The previous two examples of materials applied to aircraft and nuclear reactors illustrate the engineering impacts of “bulk” materials. The articles in this issue by Taub and Luo and by Kurtis address others, focusing on automobile engineering and the use of cement for infrastructure applications, respectively.

Our third example, semiconductors, moves us toward the nanodomain. Two notable books describe the players and events that led to the birth of the information age: The Coming of Materials Science by Robert Cahn Reference Cahn10 provides the materials perspective, whereas Crystal Fire: The Birth of the Information Age Reference Riordan and Hoddeson11 by Riordan and Hoddeson describes the events that led to the discovery of the transistor. The emergence of a reliable transistor was driven by a partnership among physicists, chemists, and metallurgists: the invention of the transistor in the 1940s by Bardeen, Shockley, and Brattain; the isolation and chemical identification of the p and n regions by Scaff and Theurer; the growth of dislocation-free crystals by Dash; and the purification of the crystals by Pfann. Reference Cahn10

It is quite intriguing that the prelude to great discoveries is typically enormous initial skepticism. For example, Frank Whittle’s concept of the jet engine was rejected by the UK air ministry, 12 and Wolfgang Pauli wrote in a 1931 letter to his student, Rudolf Peierls: “One shouldn’t work with semiconductors, that is just a mess (eine Schweinerei); who knows whether semiconductors exist at all.” Reference Cahn10 Indeed, Robert Mehl, one of the fathers of modern metallurgy, dismissed the move to materials science “as a hollow gimmick to obtain funds.” Reference Cahn10

Choosing a material composition for an application is only part of the story, however. We have to process the material to shape, join, finish, and repair it at scales varying from a few atomic dimensions to the width of a human hair, a few tens of microns, to the most extraordinarily sizes. The performance of a material in an engineering application is the sum of the processes of synthesis, shaping, and joining. Certainly our progressive ability to manipulate, characterize, and design at the nanoscale or even with single atoms has transformed the landscape of materials choice in virtually every engineering discipline (see Figure 5 ). The articles in this issue by Mahajan (microelectronics), Dionne et al. (plasmonics), Awschalom and co-authors (quantum computing and spintronics), Gogotsi (carbon), Stupp and co-authors (polymeric biomaterials), and Crabtree et al. (energy storage) address many of these engineering disciplines. Figure 6 provides examples of the significant increases in characterization capabilities at the nanoscale: In their article in this issue, Kaufmann and co-authors describe the progress in characterization capability and how this has played into advances in engineering applications.

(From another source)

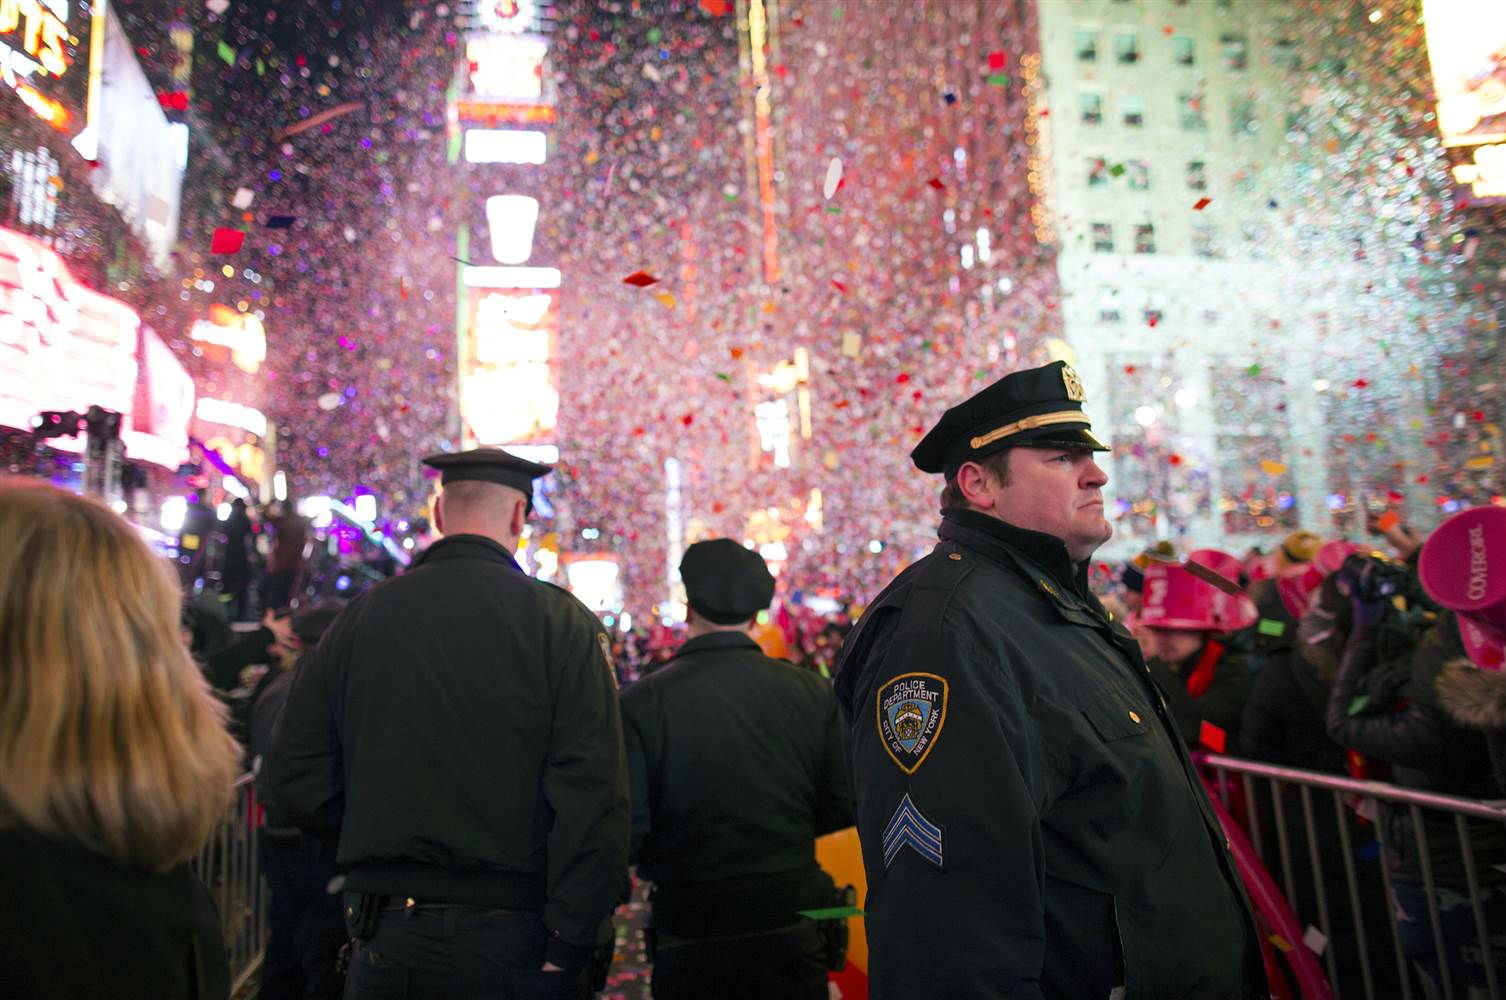 New York's mayor has said Times Square will be the safest place in the country

Figure 5. Evolution of materials science and engineering: The advent of the metal age allowed dramatic improvements in transportation, building, power generation, and weaponry. Increasing capabilities in nanomanipulation and characterization, three-dimensional (3D) printing, and manufacturing techniques have dramatically expanded the horizons of multiple engineering disciplines.

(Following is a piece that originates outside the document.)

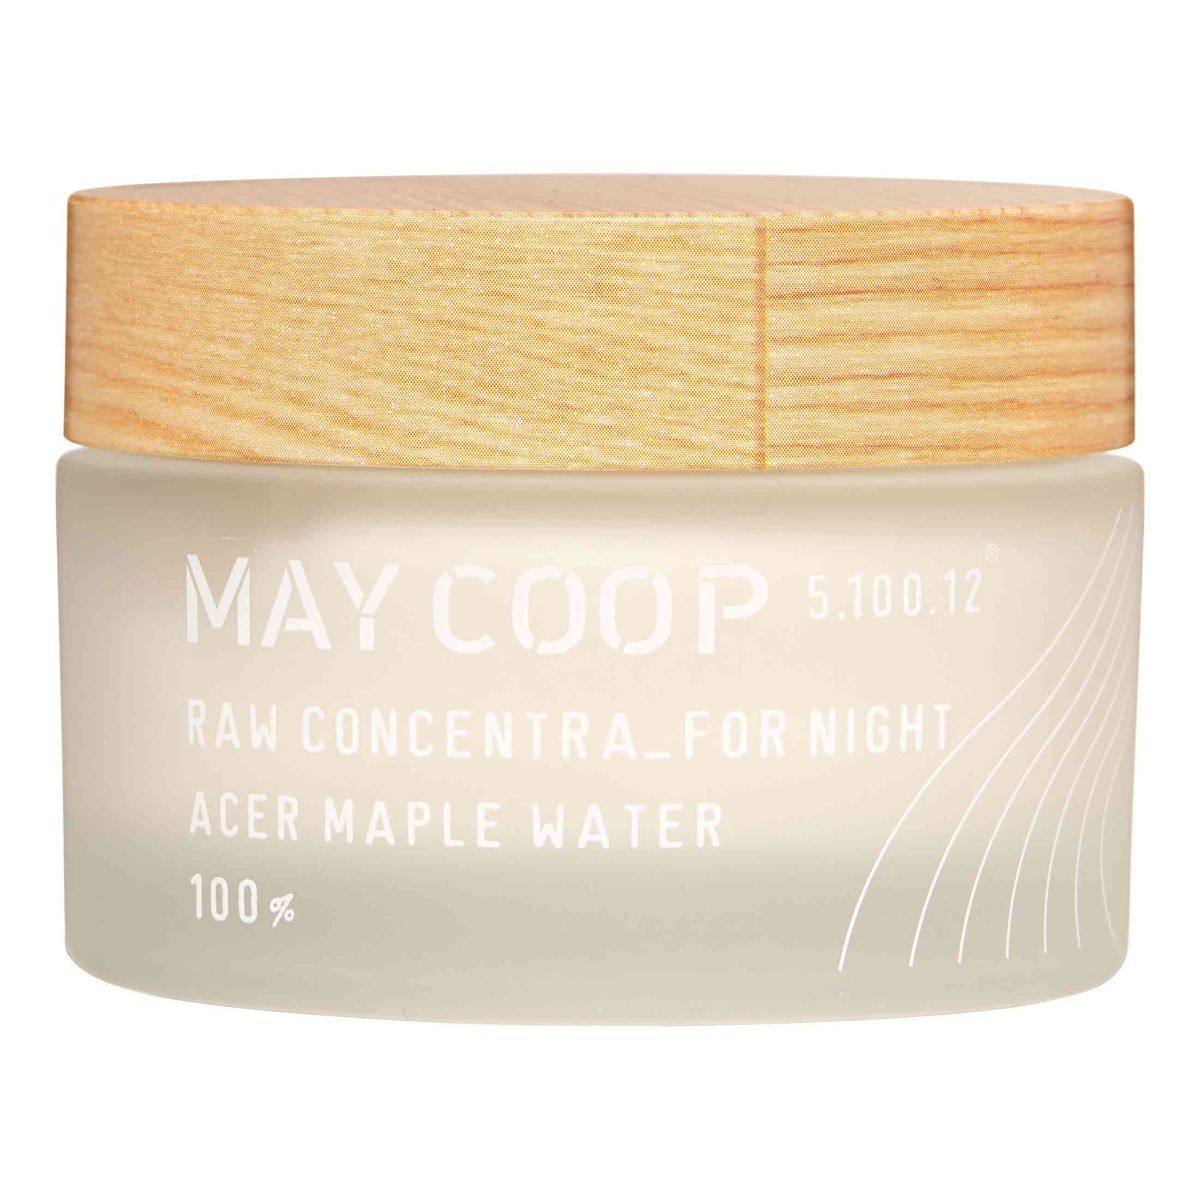 Kann Coop Raw Concentrate Nachtcreme coop

Figure 6. Examples of characterization at the microscale and nanoscale: (a) Atomic structure of precipitates in aluminum alloys imaged by high-angle annular dark-field transmission electron microscopy in aerospace aluminum alloys; (b) microfabrication and testing of fracture samples enables the assessment of the mechanical behavior of coatings on the nickel-based superalloy used in gas turbines; (c) electron energy-loss spectrum imaging of plasmon surface resonances of metal nanoparticles; and (d) measuring the thermal conductivity of a single nanotube. (a) Reproduced with permission from Reference Reference Dwyer, Weyland, Chang and Muddle13. © 2011 American Institute of Physics. (b) Courtesy of Vikram Jayaram and Jaya Nagamani, Indian Institute of Science, Bangalore, India. (c) Reproduced with permission from Reference Reference Nicoletti, de la Peña, Leary, Holland, Ducati and Midgley14. © 2013 Nature Publishing Group. (d) Reproduced with permission from Reference Reference Fujii, Zhang, Xie, Ago, Takahashi, Ikuta, Abe and Shimizu15. © 1975 Springer.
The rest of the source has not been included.